The Education of a Data Scientist: On Sands and Other Irritants

I have learned over the years to distinguish between good data scientists and great data scientists in the way they handle the seemingly mundane aspects of data analysis, tasks like loading large but poorly structured datasets, dealing with missing data or poor quality data, finding the right way to interrogate and transform variables to satisfy the implicit assumptions of statistical inference algorithms, writing clean code to do boring things like cross-validation and testing, and engaging in the right level of corporate kung fu to make sure their statistical models don’t die in Powerpoint presentations.

You know, the little irritants of a data scientist’s life that take them away from the “real work” of doing sophisticated statistical modelling using the latest and greatest machine learning / artificial intelligence techniques.

To those who prefer the sexy work over the mundane, allow me to counsel with a Robert Service quote: “Be master of your petty annoyances and conserve your energies for the big, worthwhile things. It isn’t the mountain ahead that wears you out – it’s the grain of sand in your shoe.”

If one remains unconvinced, here’s another sand analogy, this time drawing inspiration from Jon Bentley’s Programming Pearls, that is quite fitting here. Here’s an excerpt from an article from LiveScience.com, modified with a bit of artistic license:

“A natural pearl begins its life inside an oyster’s shell when an intruder, such as a grain of sand, slips in between one of the two shells of the oyster and the protective layer that covers the mollusk’s organs, called the mantle.

In order to protect itself from irritation, the oyster will quickly begin covering the uninvited visitor with layers of nacre — the mineral substance that fashions the mollusk’s shells. Layer upon layer of nacre, also known as mother-of-pearl, coat the grain of sand until the iridescent gem is formed.”

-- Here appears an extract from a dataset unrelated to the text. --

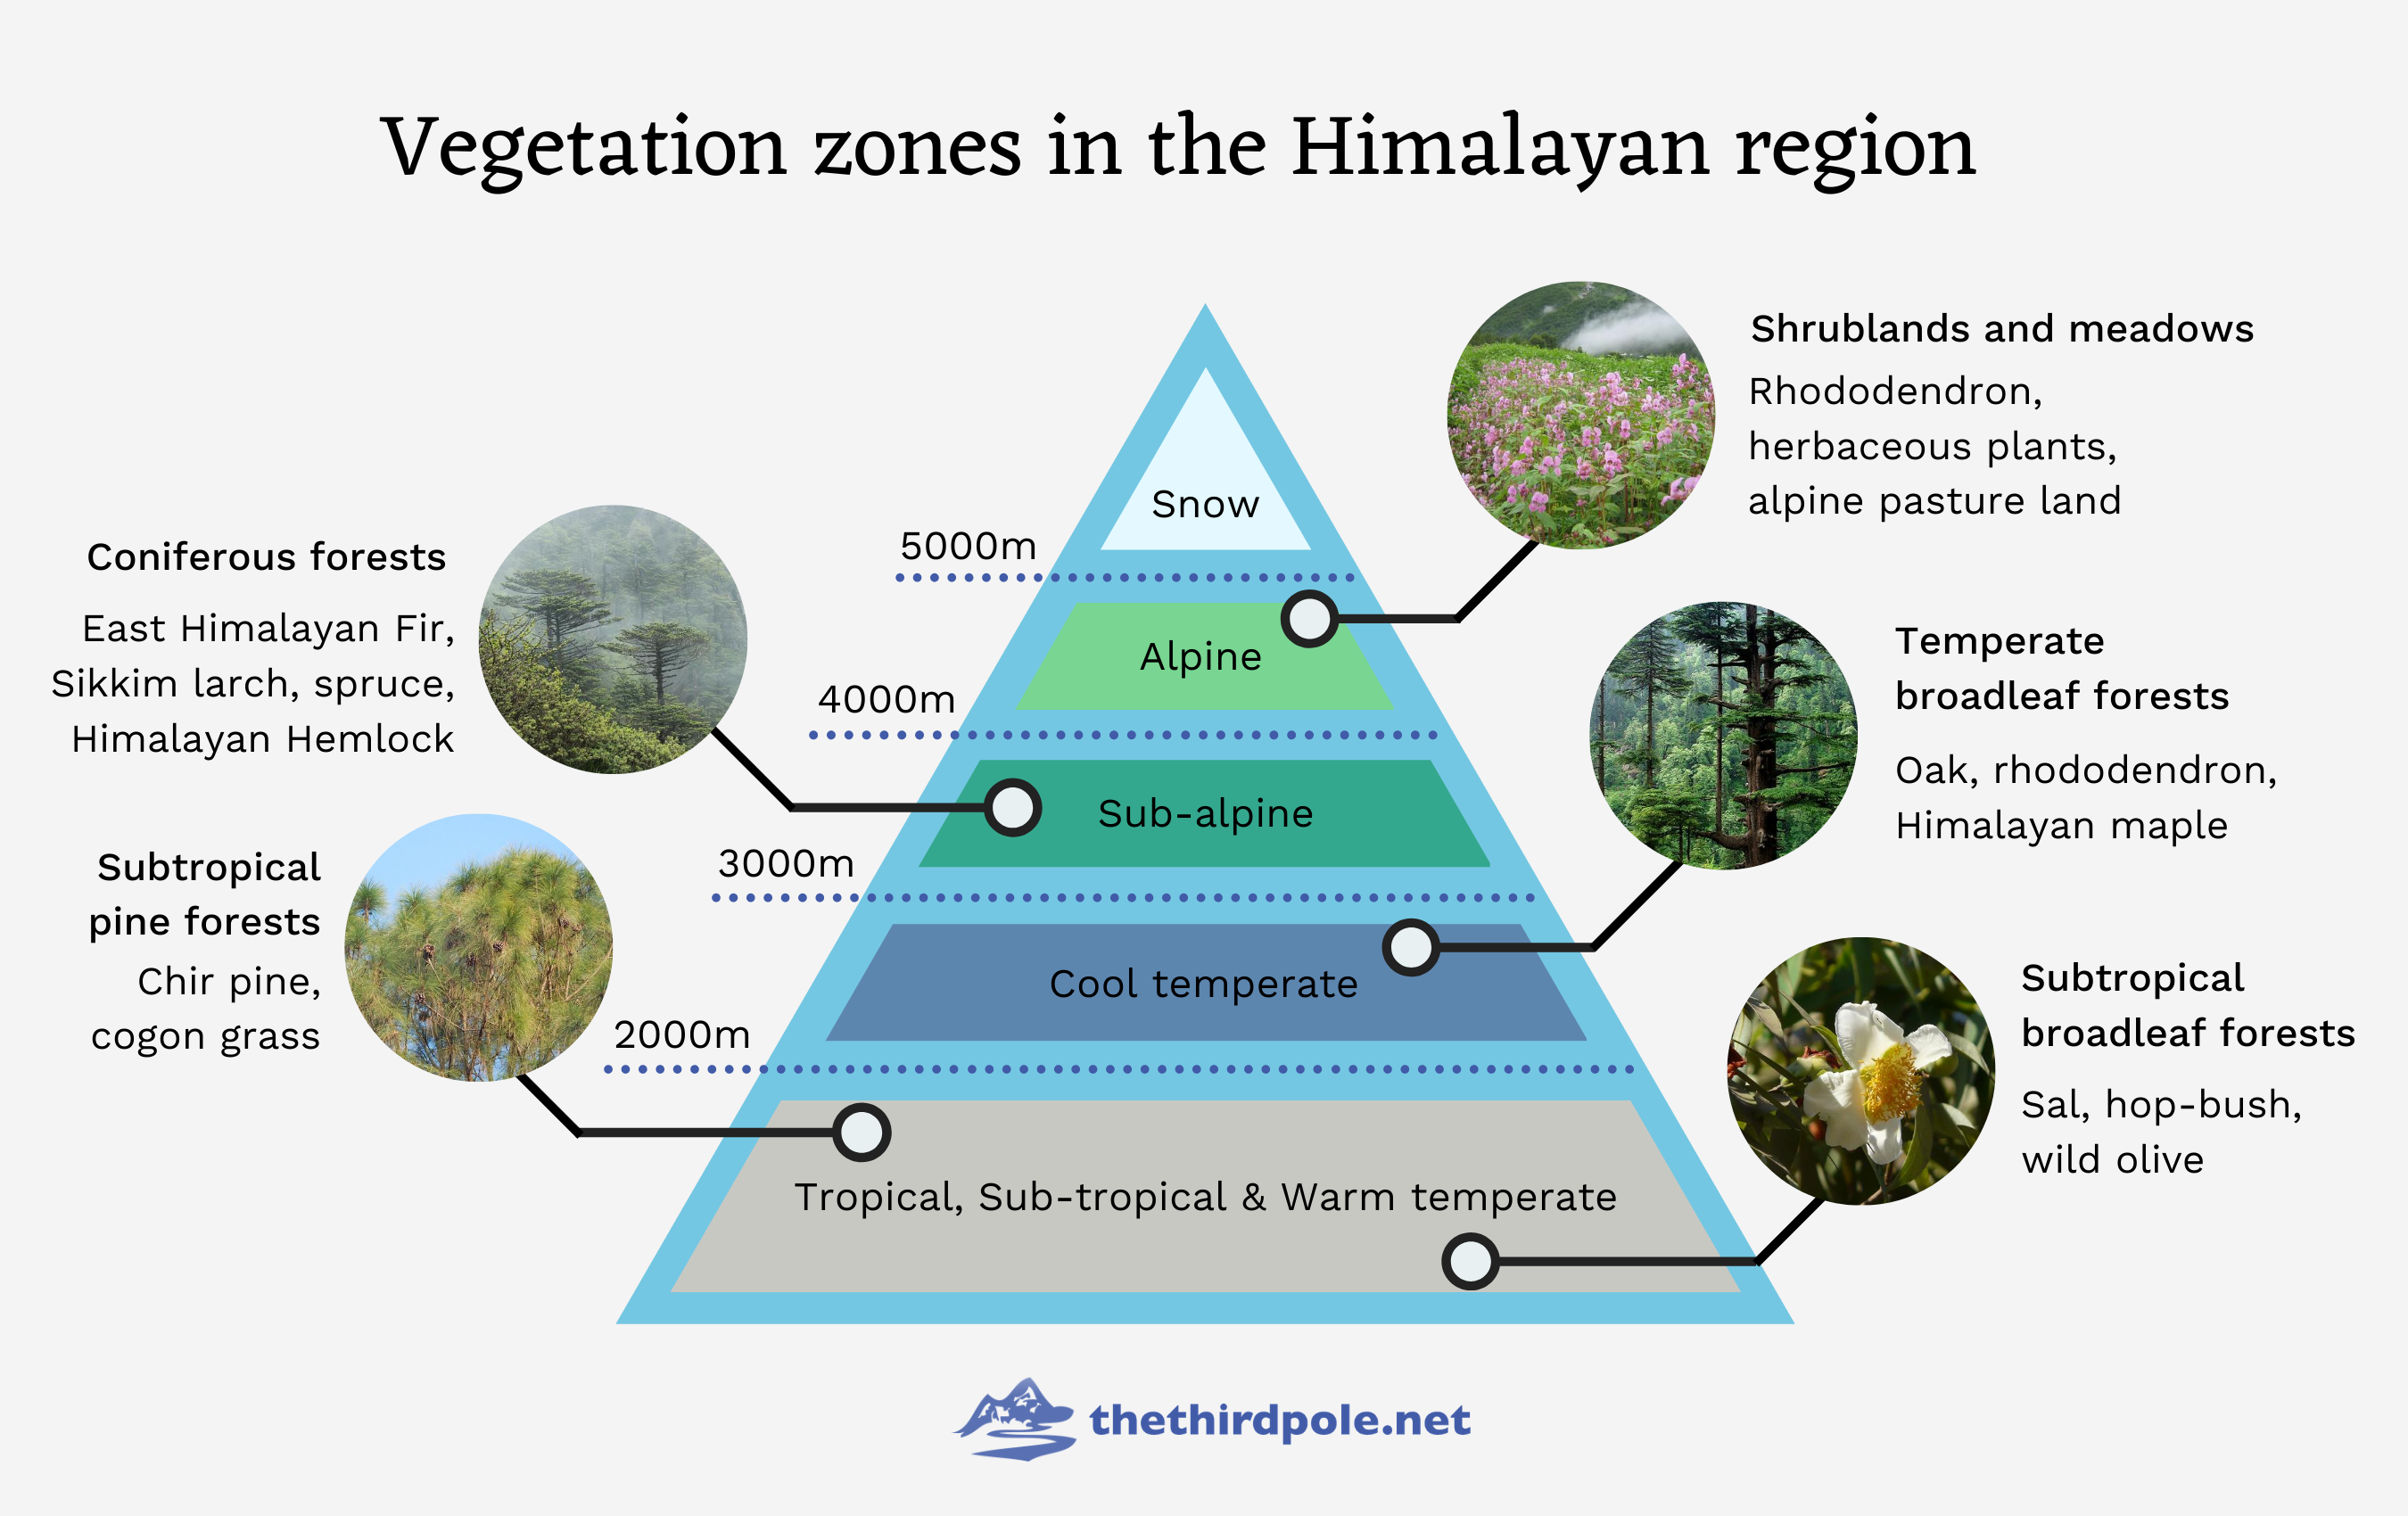 Vegetation zones in the Himalayas

As Bentley put it, just as natural pearls grow from grains of sand that irritate oysters, his programming pearls have grown from real problems that have irritated real programmers. In a similar fashion, there is a lot of data science pearls waiting to be discovered and harvested.

I will finish with yet another sand quote, this time from Jean-Paul Sartre: “The more sand that has escaped from the hourglass of our life, the clearer we should see through it.”